Given data:
══════

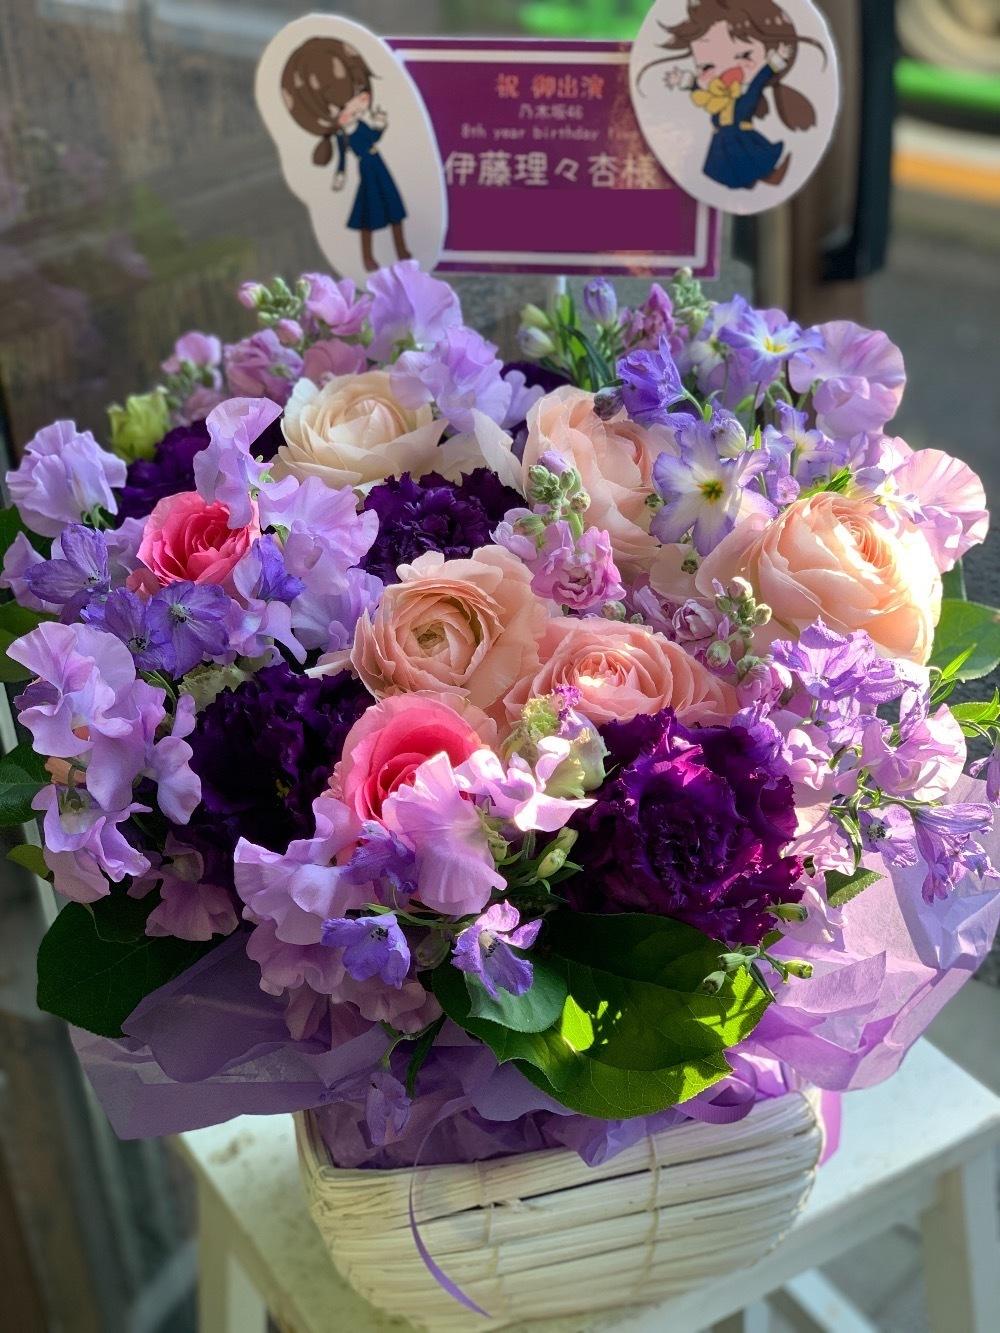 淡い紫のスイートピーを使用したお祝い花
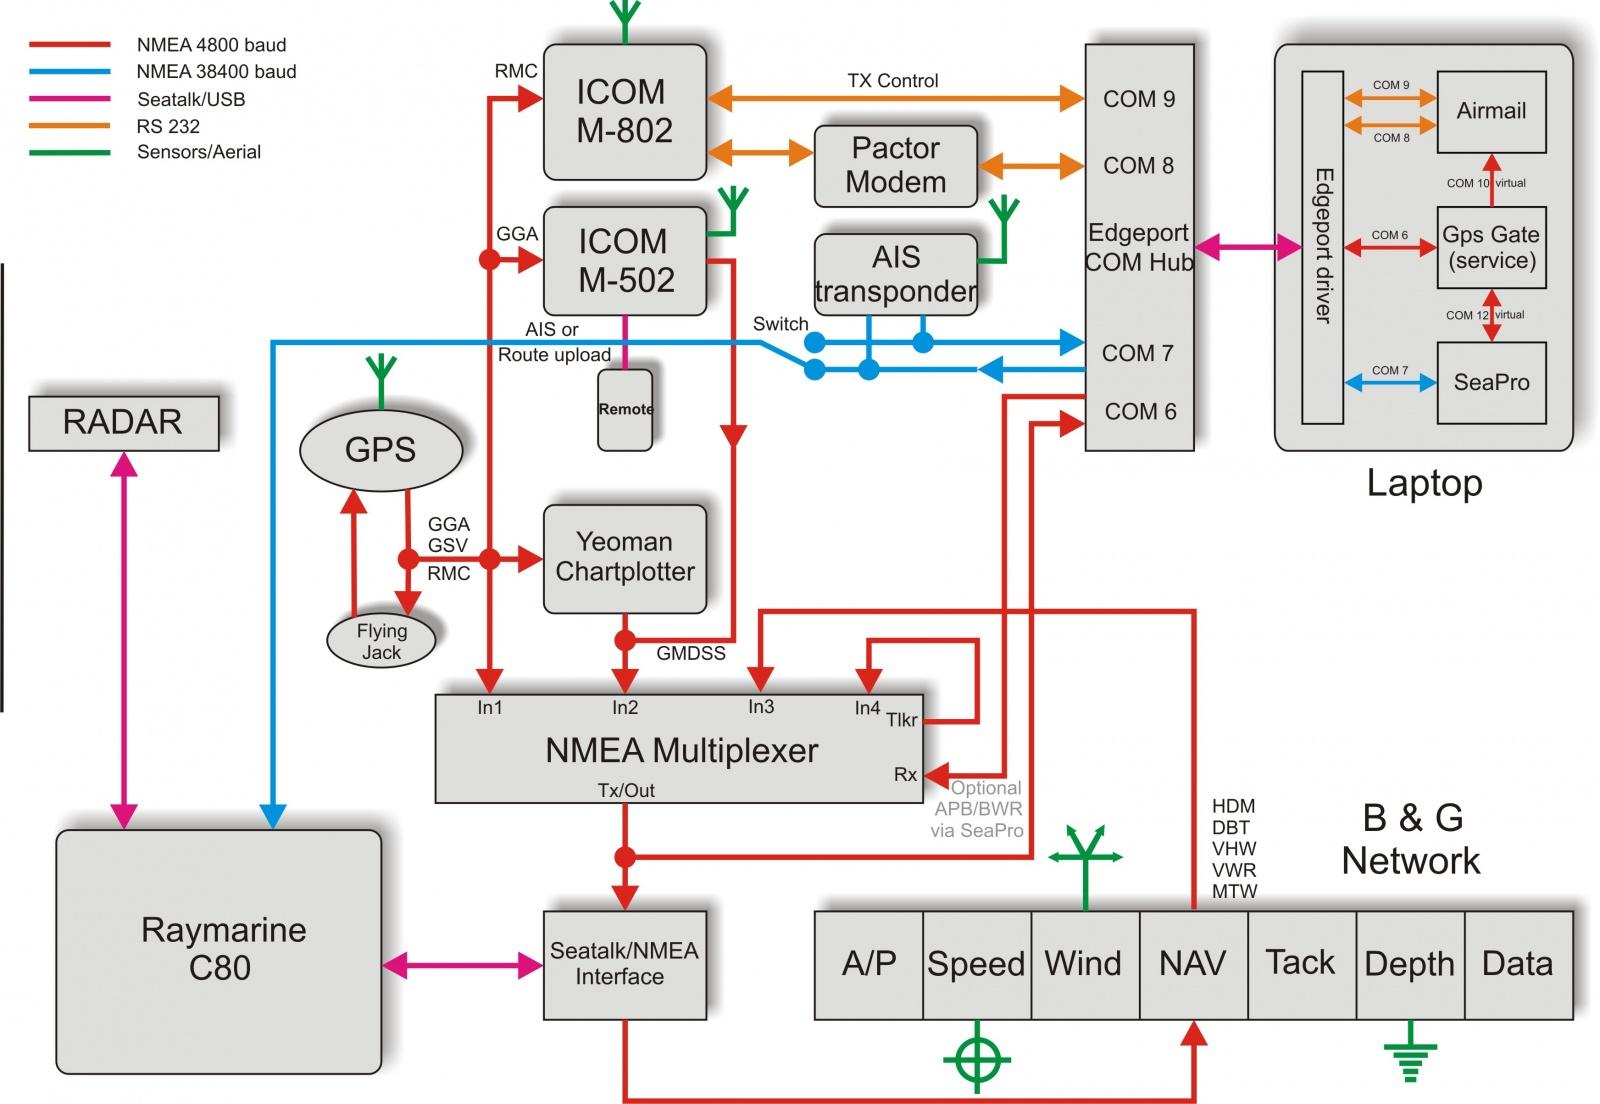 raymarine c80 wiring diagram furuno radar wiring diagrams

══════

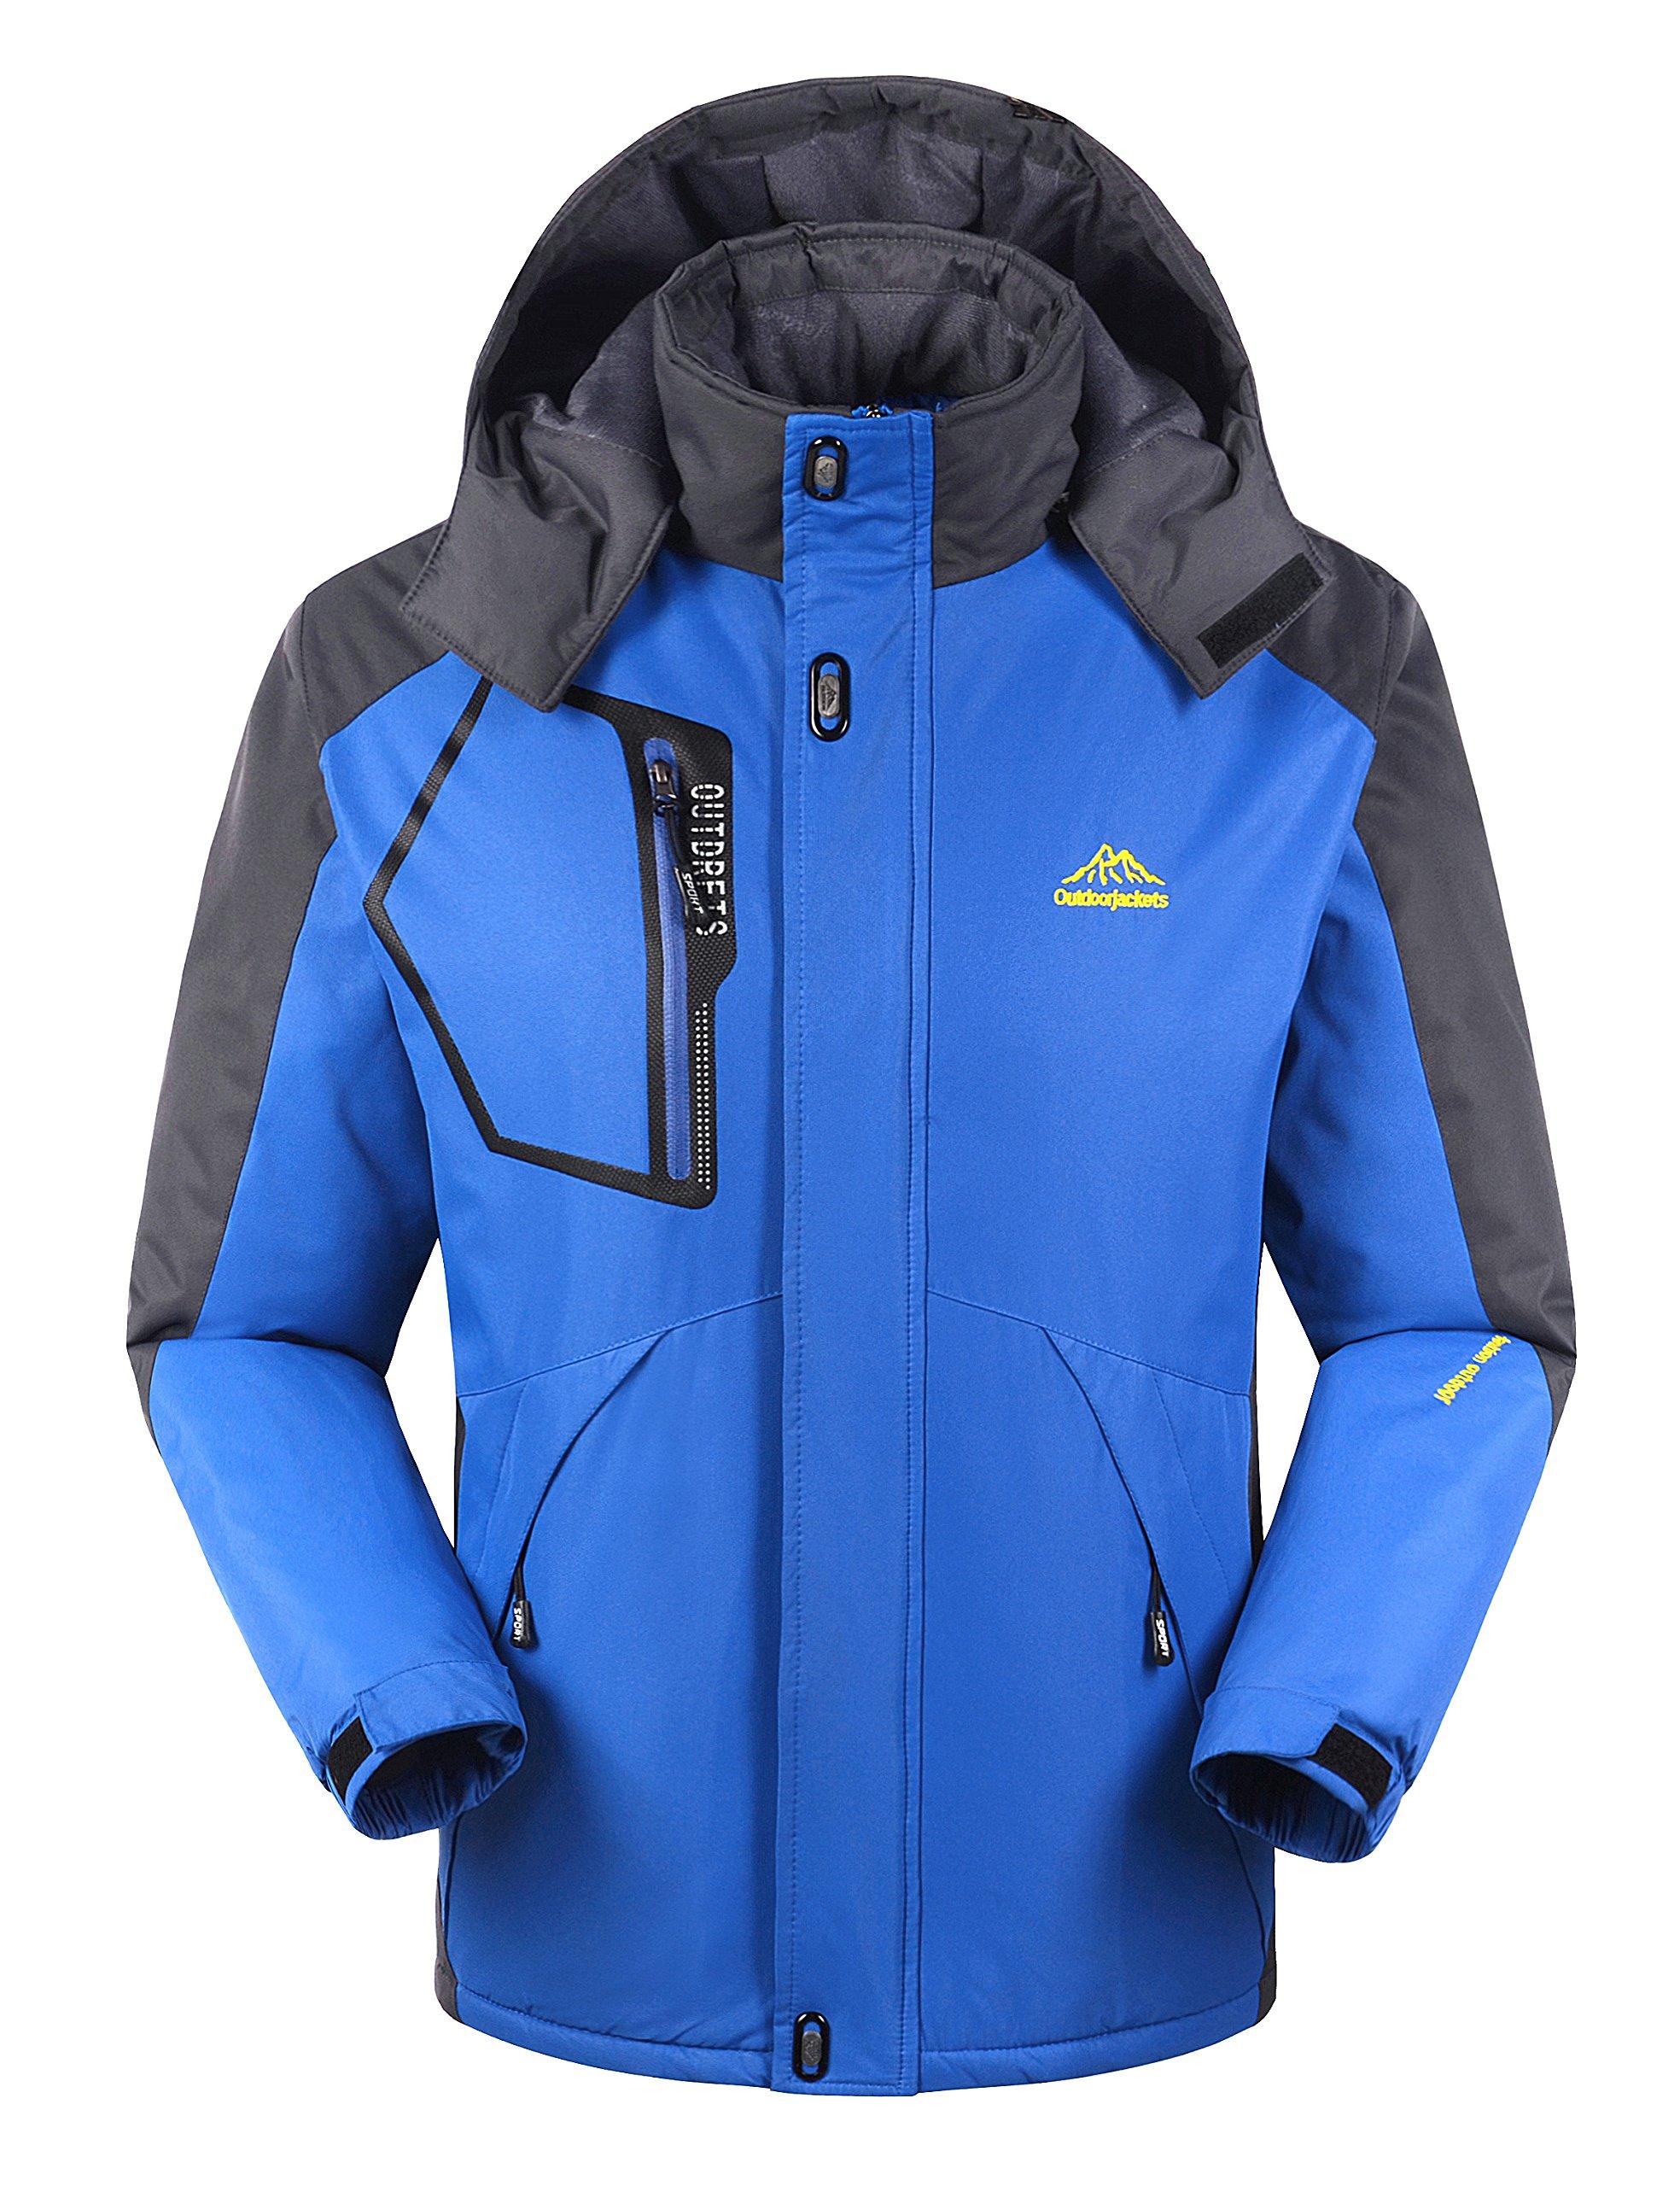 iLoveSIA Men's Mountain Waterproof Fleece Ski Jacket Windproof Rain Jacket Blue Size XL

══════

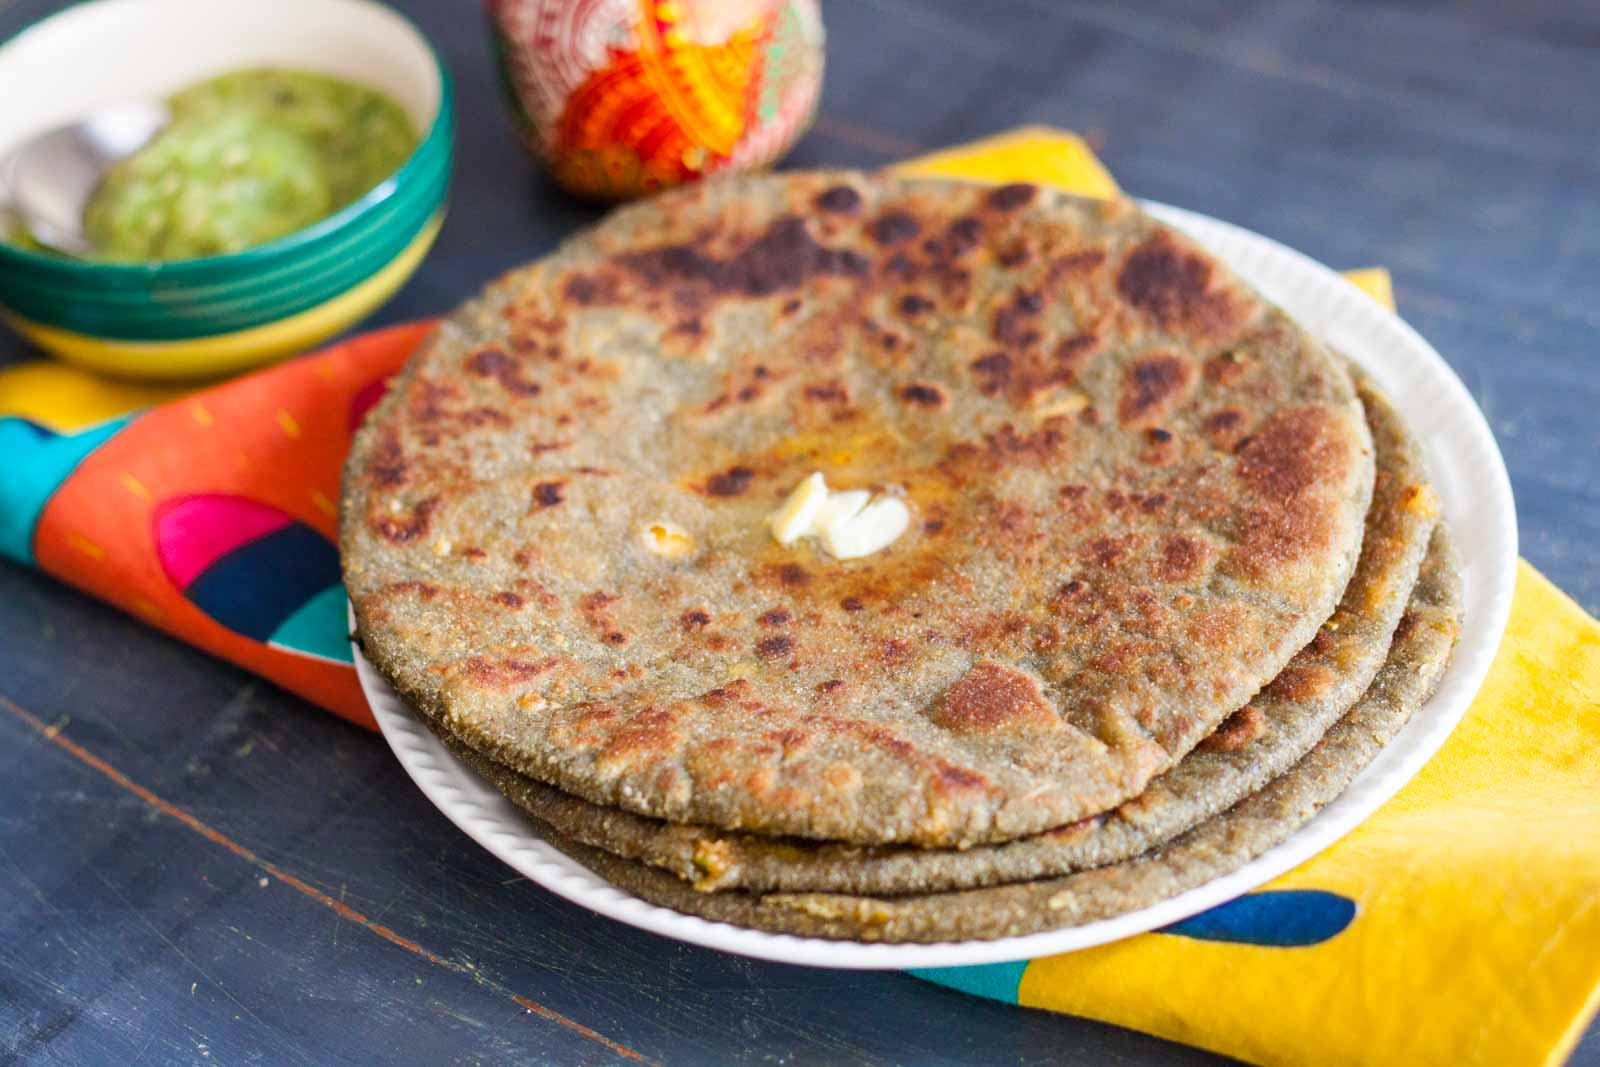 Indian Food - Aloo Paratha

══════

Work task:
The answer must be the lines above from the one containing "淡い紫のスイートピーを使用したお祝い花" through the one containing "raymarine c80 wiring", reproduced exactly, with no pictures and nothing else.

Your solution:
 淡い紫のスイートピーを使用したお祝い花
 raymarine c80 wiring diagram furuno radar wiring diagrams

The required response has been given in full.